I offered several ideas to lower energy costs. She spent a good bit of time, while I was clipping coupons, lamenting over her lack of money and the conversation turned to utilities. Now, at this point, I was just letting her lead the conversation because I really don’t want to keep offering suggestions for her to shoot down with excuses. But if we never talk about her money problems, she can’t ask me for any. So she perseveres. I said “Well, we ended up shaving a considerable amount off our monthly electric bill by just installing a programmable thermostat and setting the temperatures to 78 during the summer and 68 during the winter.” She looked horrified and replied “That’s just crazy. Our air conditioning is on 24/7. I won’t tolerate having it set any higher than 60 degrees.”

Today, when I get off work, she and I are going shopping. Last week, she found a $100 JC Penney gift card in her purse that she didn’t realize she had. Upon realizing she had the gift card, she declared that she NEEDS new shirts. The walk in closet full that she currently has is not enough.
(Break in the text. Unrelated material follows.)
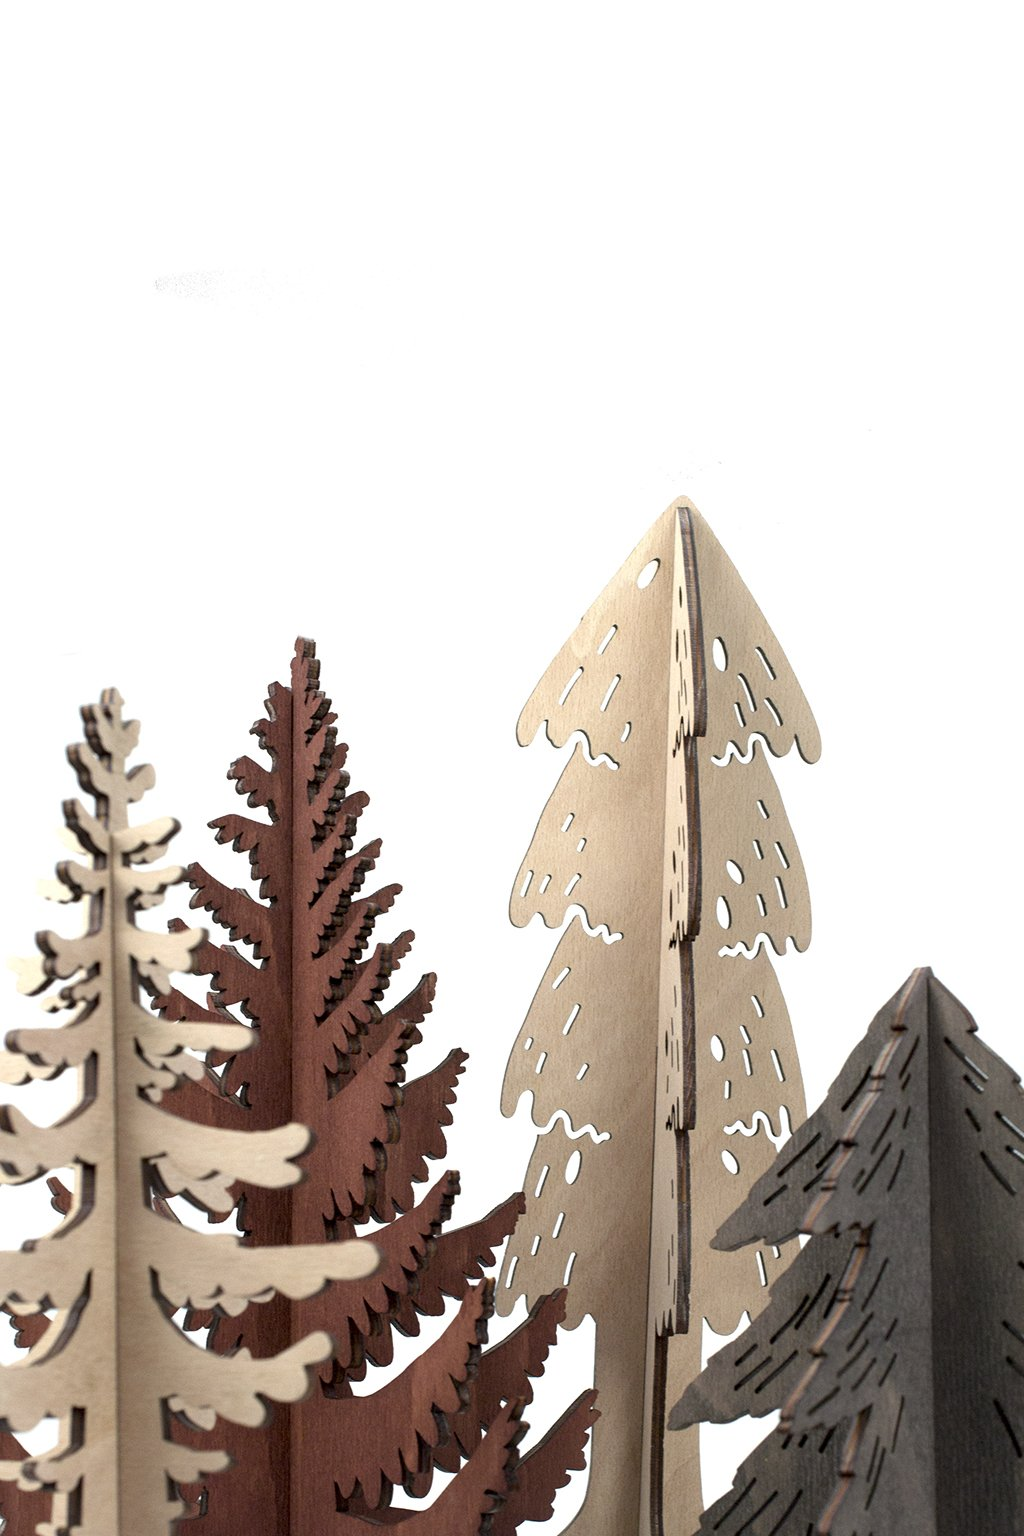 JAATY_vanocni-dekorace-dreveny-strom-kouzelny-les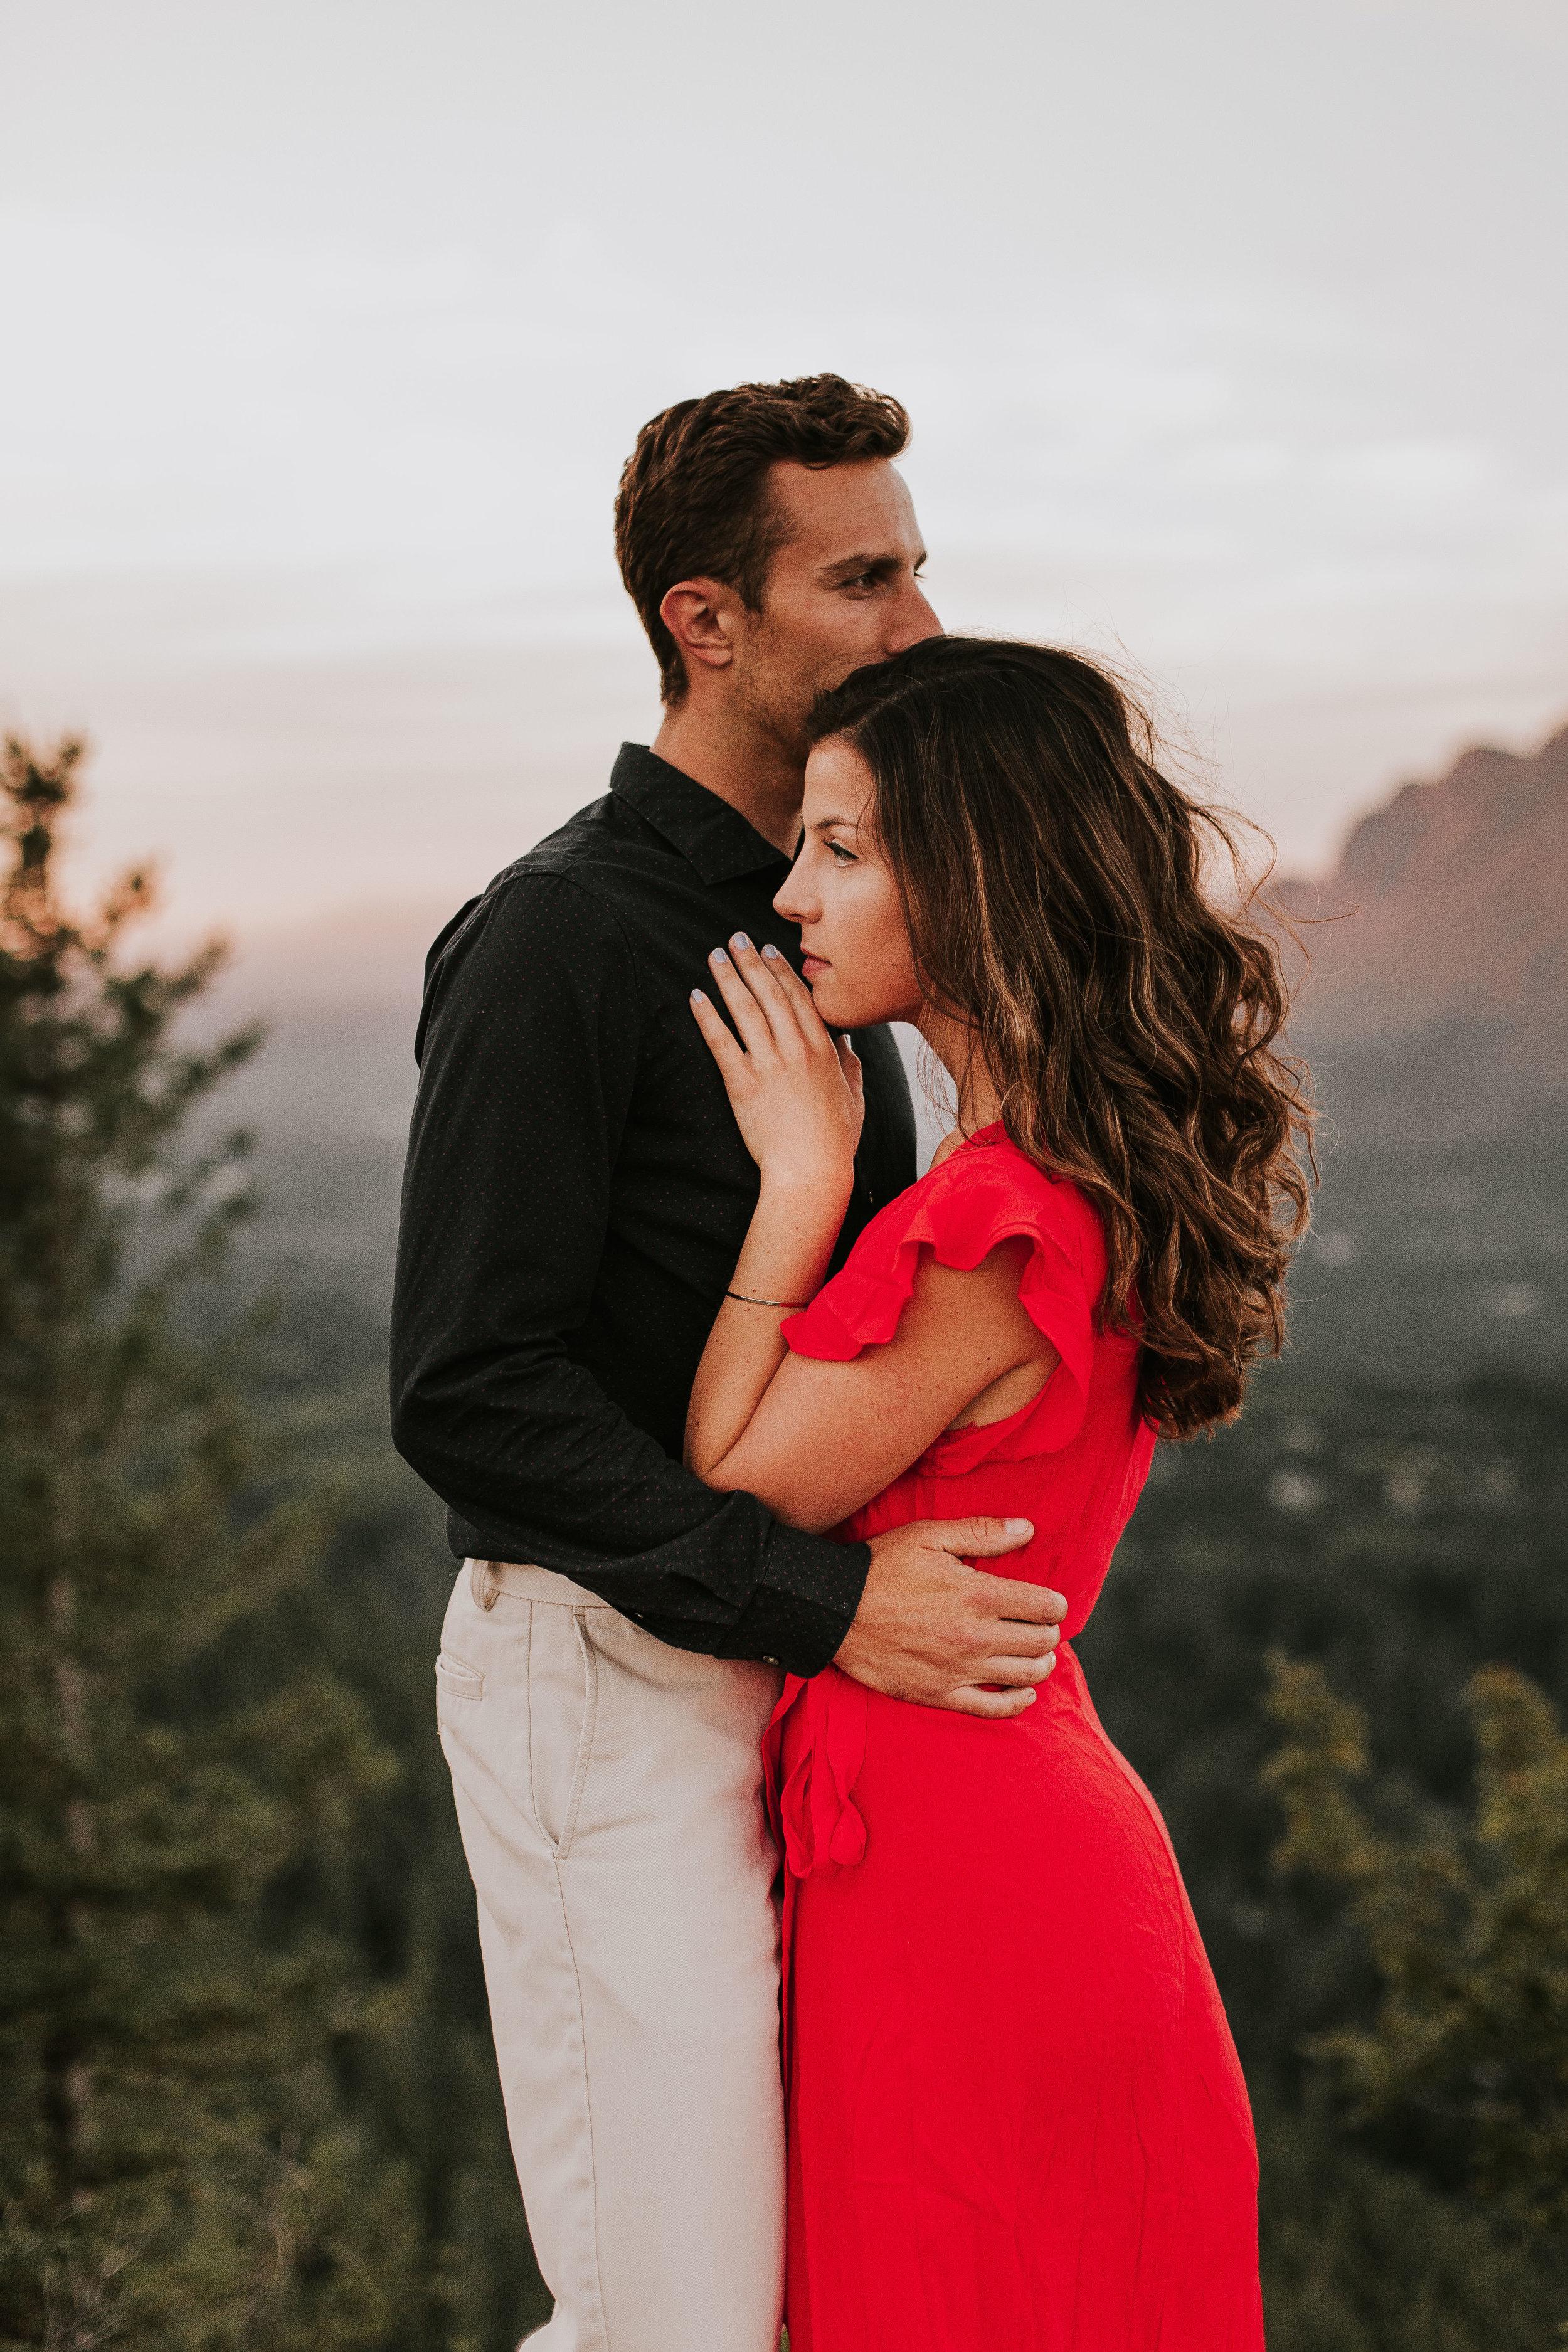 nicole-daacke-photography-rattlesnake-ridge-adventurous-engagement-session-hiking-seattle-washington-destinatino-elopement-intimate-wedding-photographer-15.jpg

Since she doesn’t drive “in town”, I got the call to go with her for some Bonding Time.

I do wonder if I’m a glutton for punishment. Honestly though, I’m taking notes. I’m making sure that all of these conversations go into the research for my Coaching business, and my upcoming book. OH.. and I’m ordering her the book Make Money, Not Excuses. Not that she’ll read it. But…


  • The Q Family says:

    Wow..Look like you are such a patient person. I don’t think I can have a conversation with her past point #1. 🙂 Isn’t that funny that people complain about not having money but when you offer the solution they won’t even consider it.
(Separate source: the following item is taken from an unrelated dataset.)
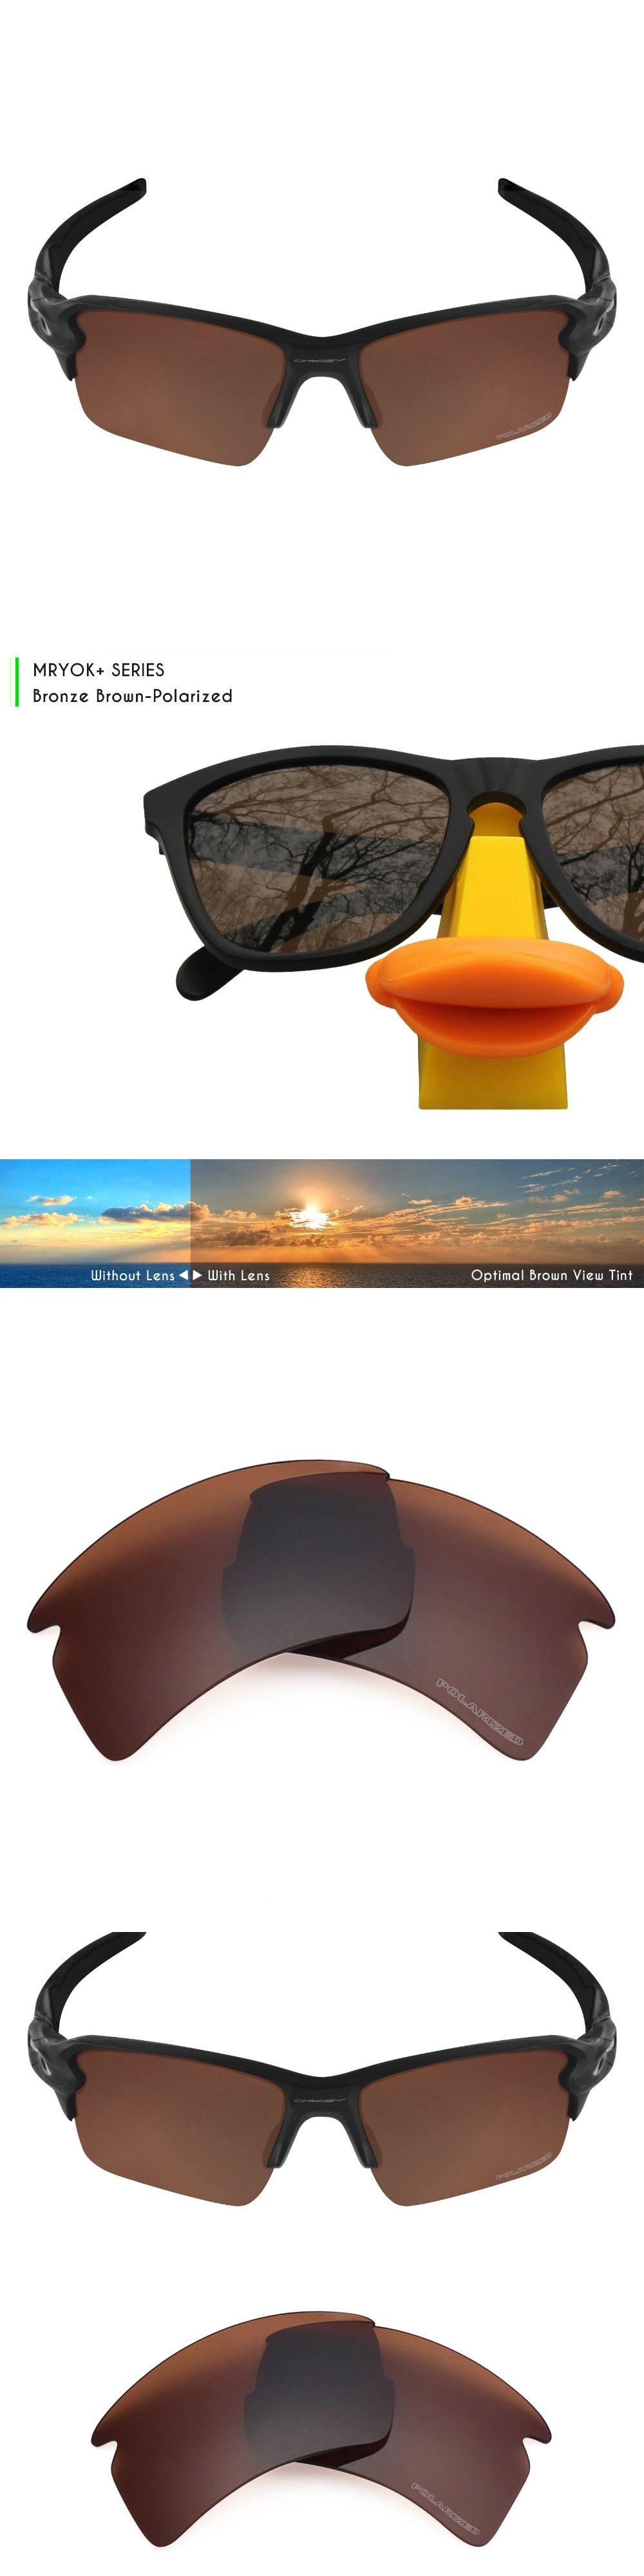 791e4a680e154 Mryok+ POLARIZED Resist SeaWater Replacement Lenses for Oakley Flak 2.0 XL  Sunglasses Bronze Brown

    Thanks for stopping by my blog. I’m glad to find a local blogger.

  • frugalbabe.com says:

    I second the idea that you are a very patient person!! I wonder what else there is at JC Penny besides shirts – something that she might actually need? We got some gift certificates to Target and Wal Mart when our son was born, and we used them on food. We didn’t need any more baby clothes or any more “stuff” at all really, but you can always use food. I guess that’s not an option at JC Penny, but maybe there’s something more practical than clothes that you could steer her towards? Good luck!

  • Anonymous says:

    You really should just ignore her. I mean, if you can’t get through then you may as well shut up. Nobody likes to be preached at.

  • Momma says:

    @ the q family
    HAHA.. I don’t know how patient I truly am. I’m really just tired of being hit up for money by someone who doesn’t handle their own finances, and that I don’t have much of an option but to have a cordial relationship with.

    I keep hoping that if I make enough suggestions about her cleaning her own finances up, that she’ll stop asking me for money just so she doesn’t have to listen to my suggestions.
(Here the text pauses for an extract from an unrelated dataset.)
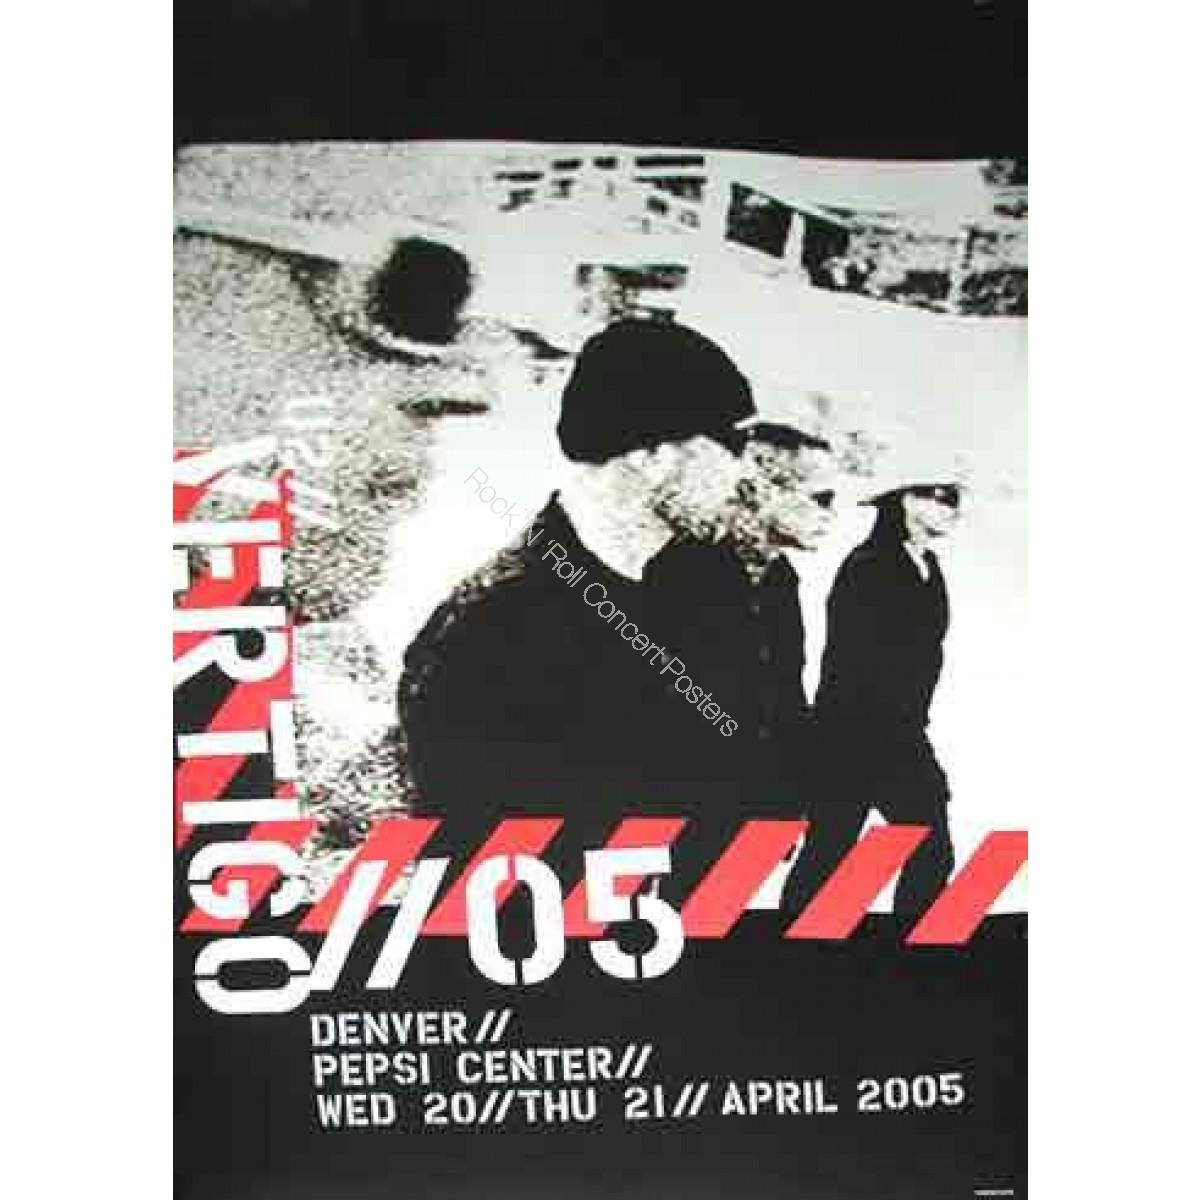 U2 @ The Pepsi Center Denver April 20th & 21st 2005 LE print of 100

    I’d love to be able to to steer her toward something useful, but she has an entire house full of every piece of “stuff” she could ever need. In the end, the path of least resistance was to stand in the aisle and say “uh huh, that would look lovely on you.” and get it overwith as painlessly as possible 🙂

    Thanks for commenting!

  • jaysfan says:

    “Obsessed with the helping” is a gentler way of saying “inclined to interfere”, no? I mean, your advice is spot on and could of course help someone open to it, but if she doesn’t want it then back away gracefully and be a friend in other ways. This post smaks a bit of superiority and distaste. You’ll want to avoid that in any coaching you do.

    • Momma says:

      @Jaysfan Thanks for taking the time to comment.

      I wouldn’t say that I’m inclined to interfere, as much as try to offer solutions when people come to me with their problems. Unfortunately, the person referenced in the post sought me out for help, but wasn’t thrilled that the help I could give wasn’t the blank check that was being requested (on an almost weekly basis).